** WORK INSTRUCTION **
Going through the material below, output exactly the lines from the one containing "Atlanta MKII Dual" through the one containing "Apple-Spice Bundt Cake with Caramel Frosting", and no pictures.

** ENTRIES PROVIDED **
^^^^^^^^

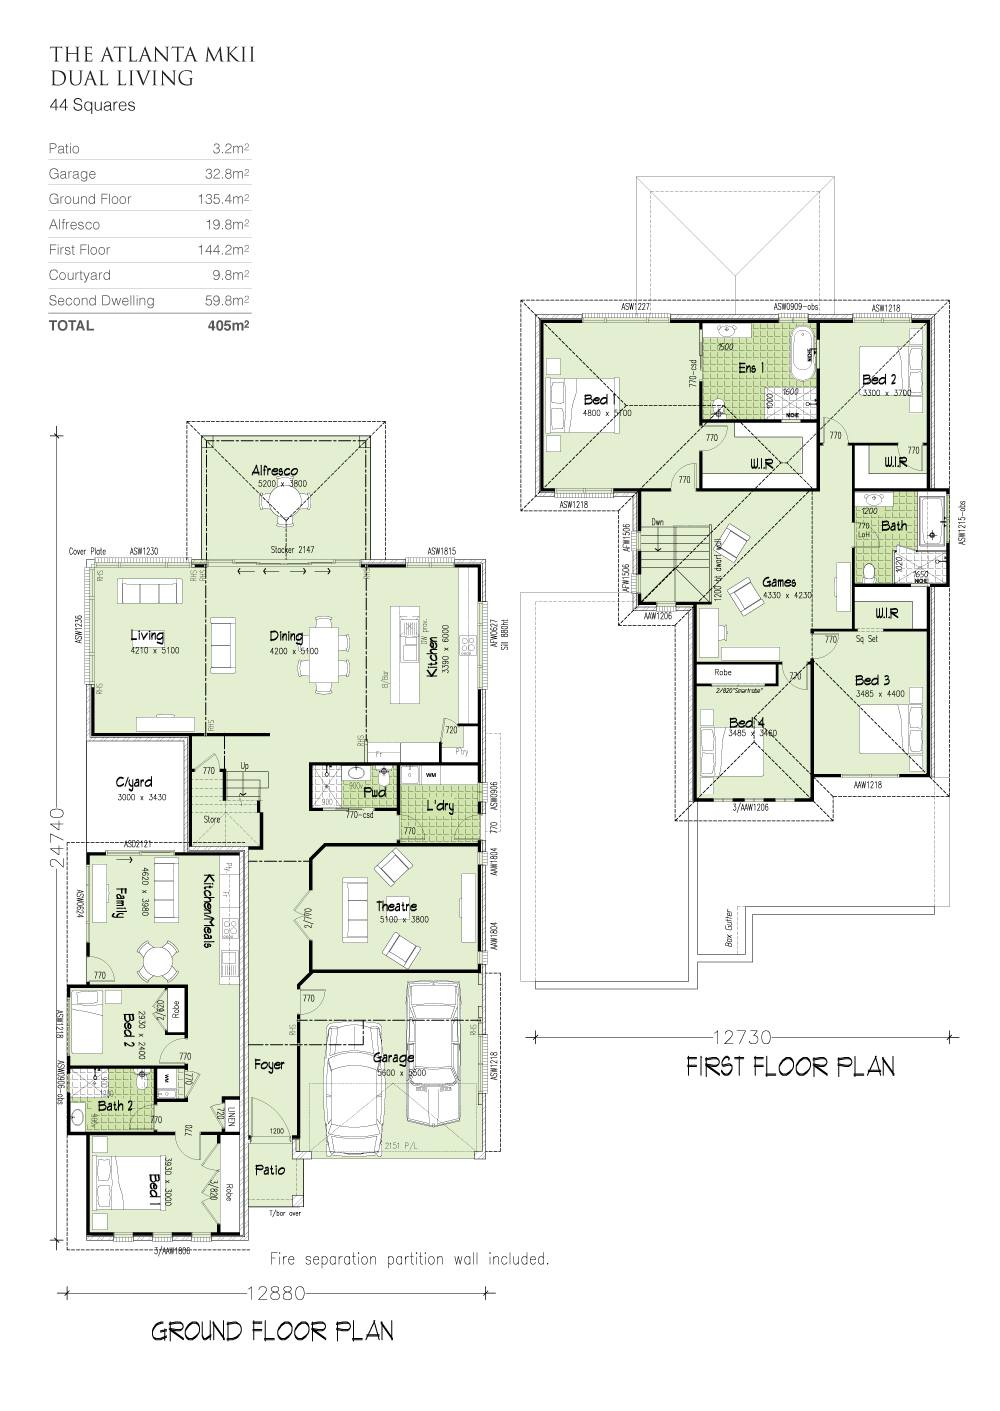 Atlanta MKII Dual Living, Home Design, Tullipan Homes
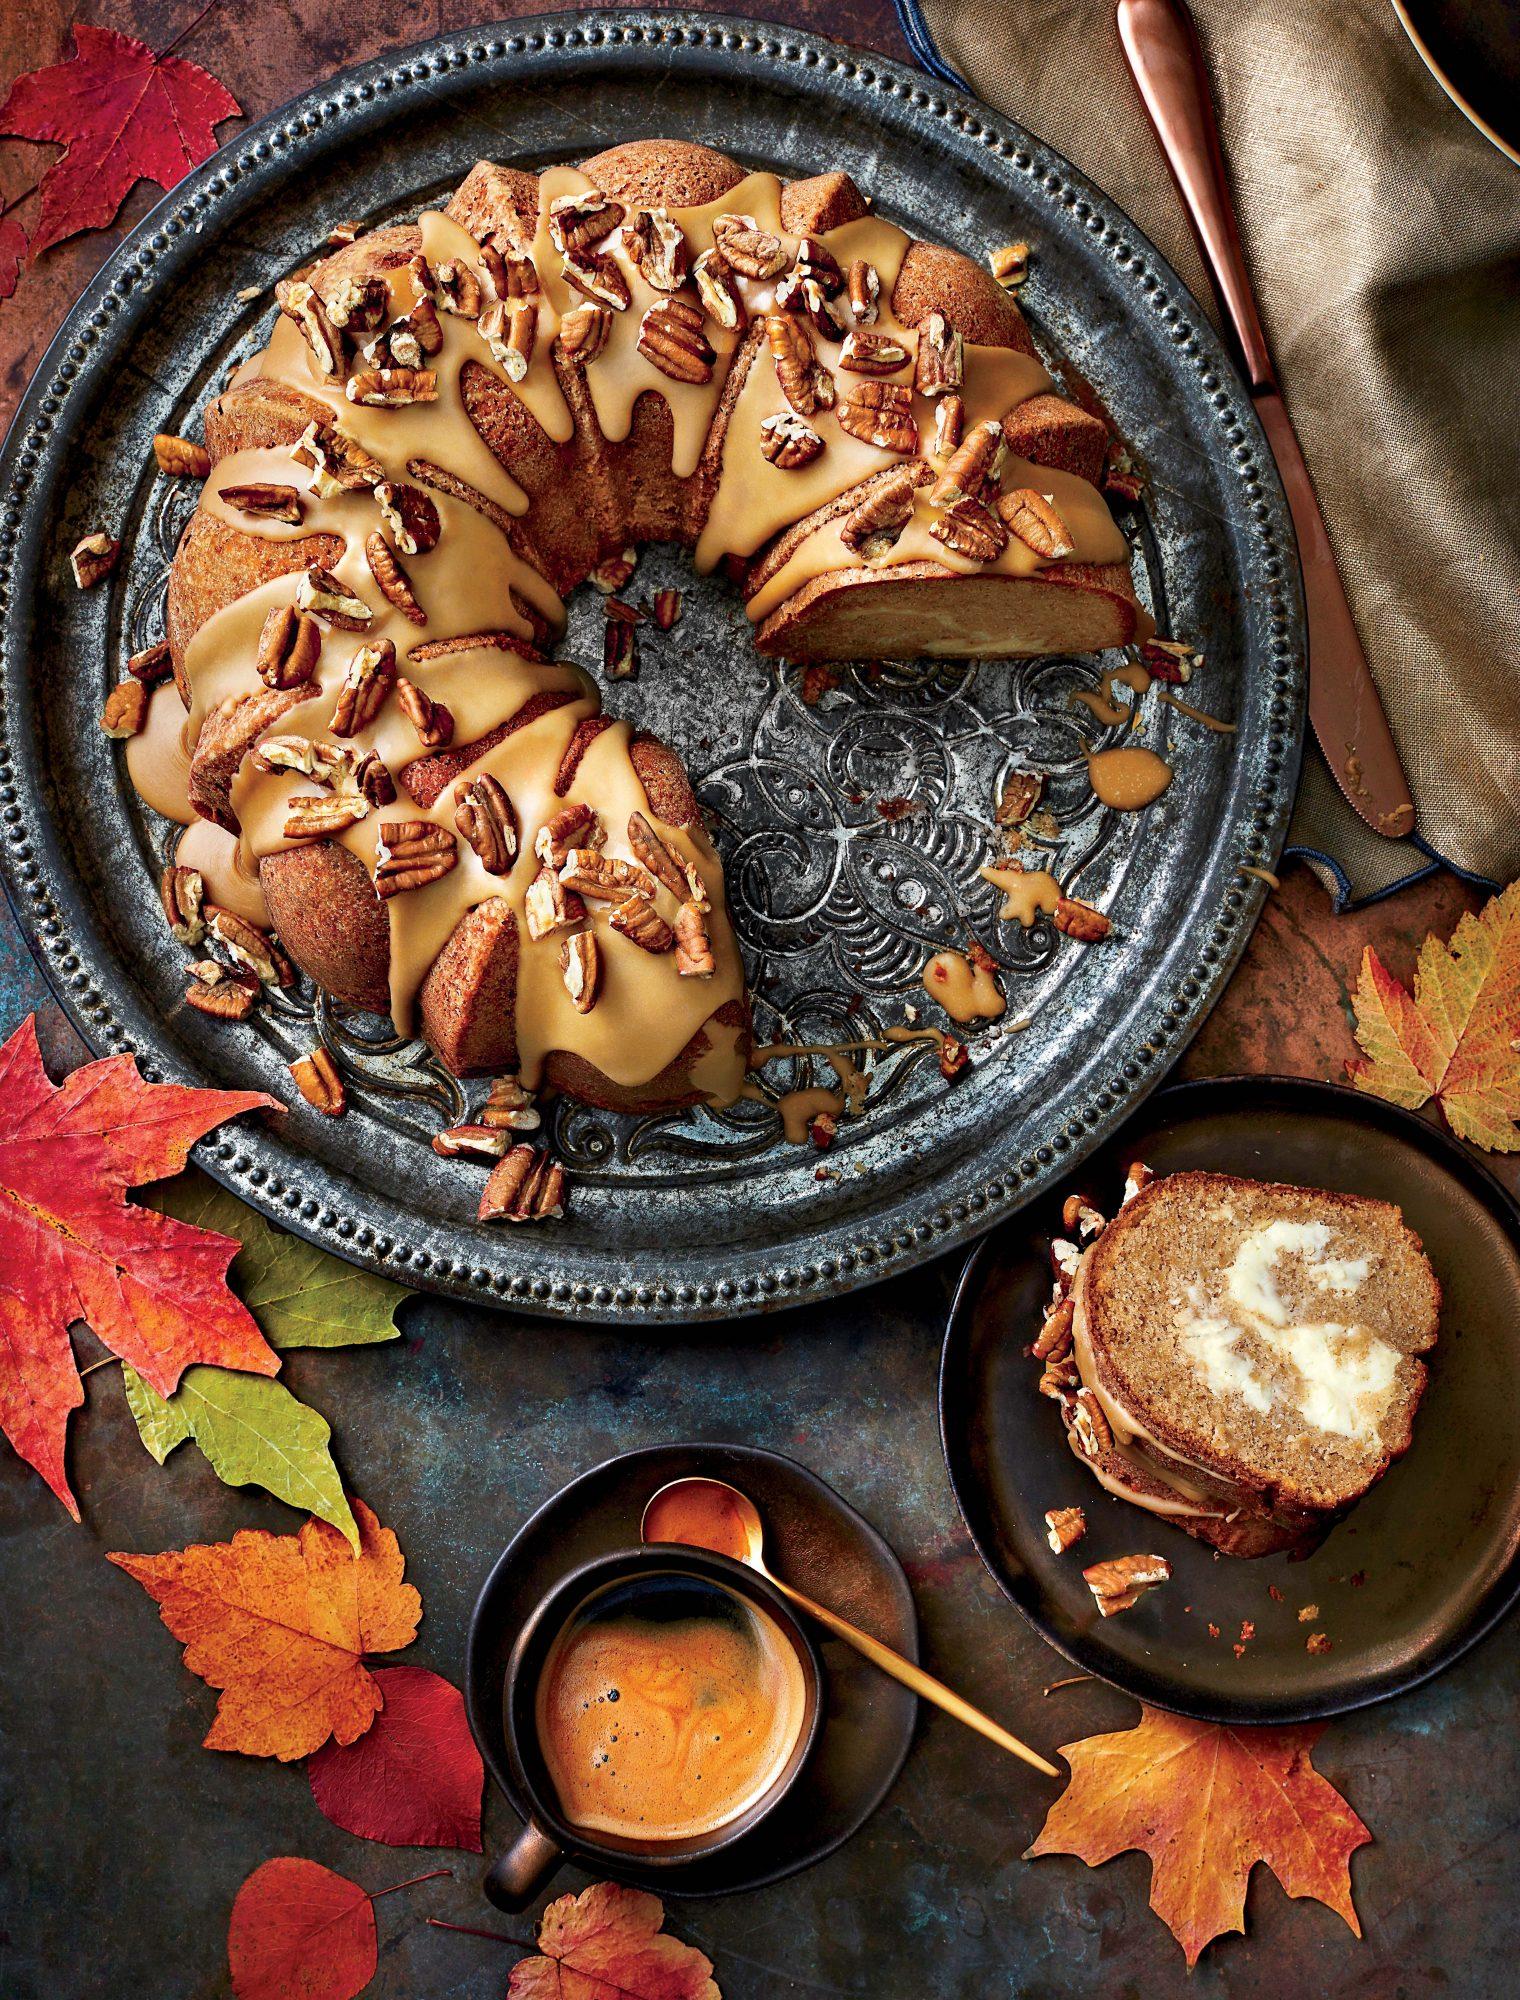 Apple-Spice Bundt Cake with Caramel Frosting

^^^^^^^^

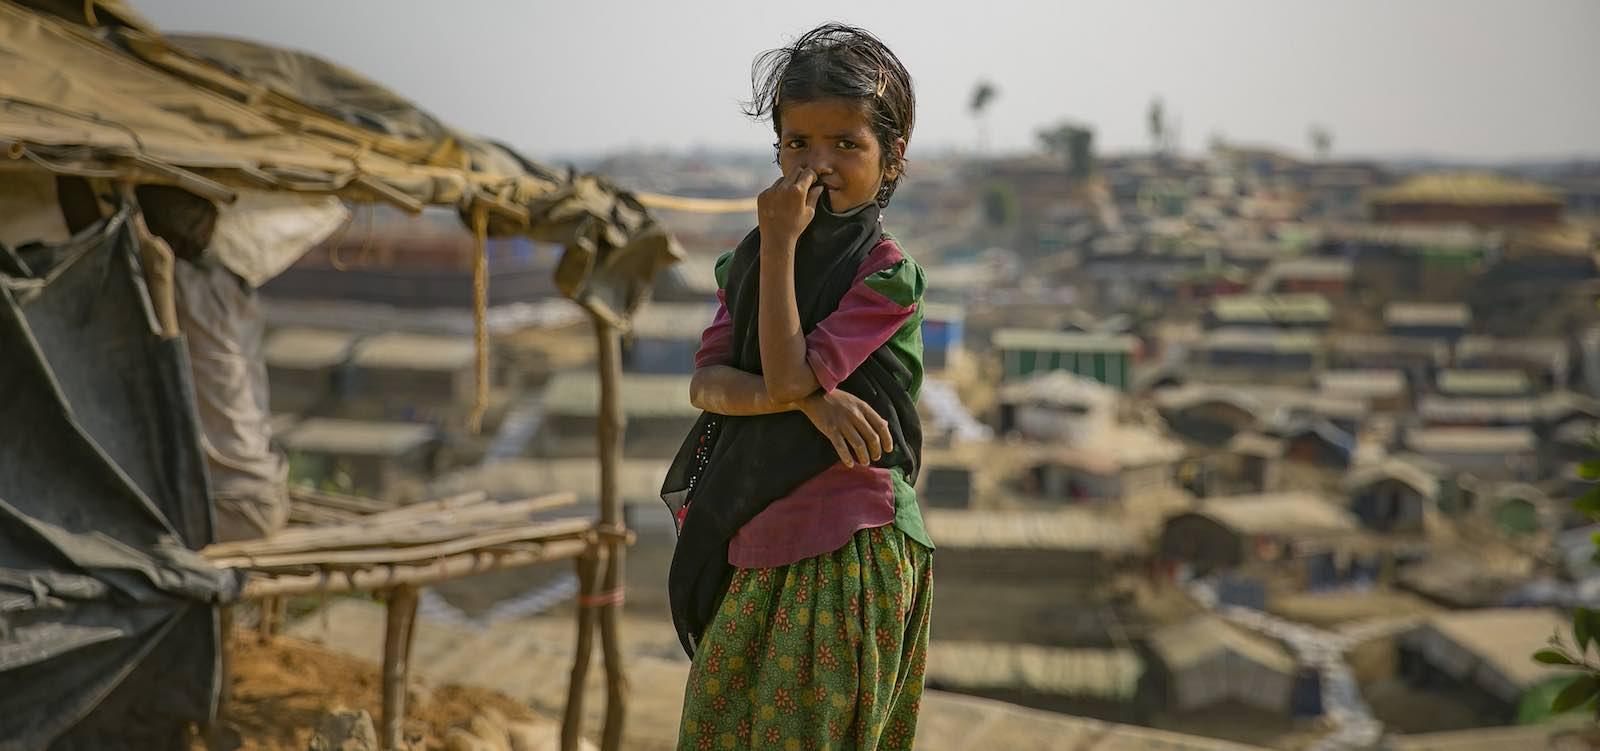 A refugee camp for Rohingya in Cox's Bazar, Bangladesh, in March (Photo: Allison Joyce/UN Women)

^^^^^^^^

** SOLUTION FOR THIS TASK **
 Atlanta MKII Dual Living, Home Design, Tullipan Homes
 Apple-Spice Bundt Cake with Caramel Frosting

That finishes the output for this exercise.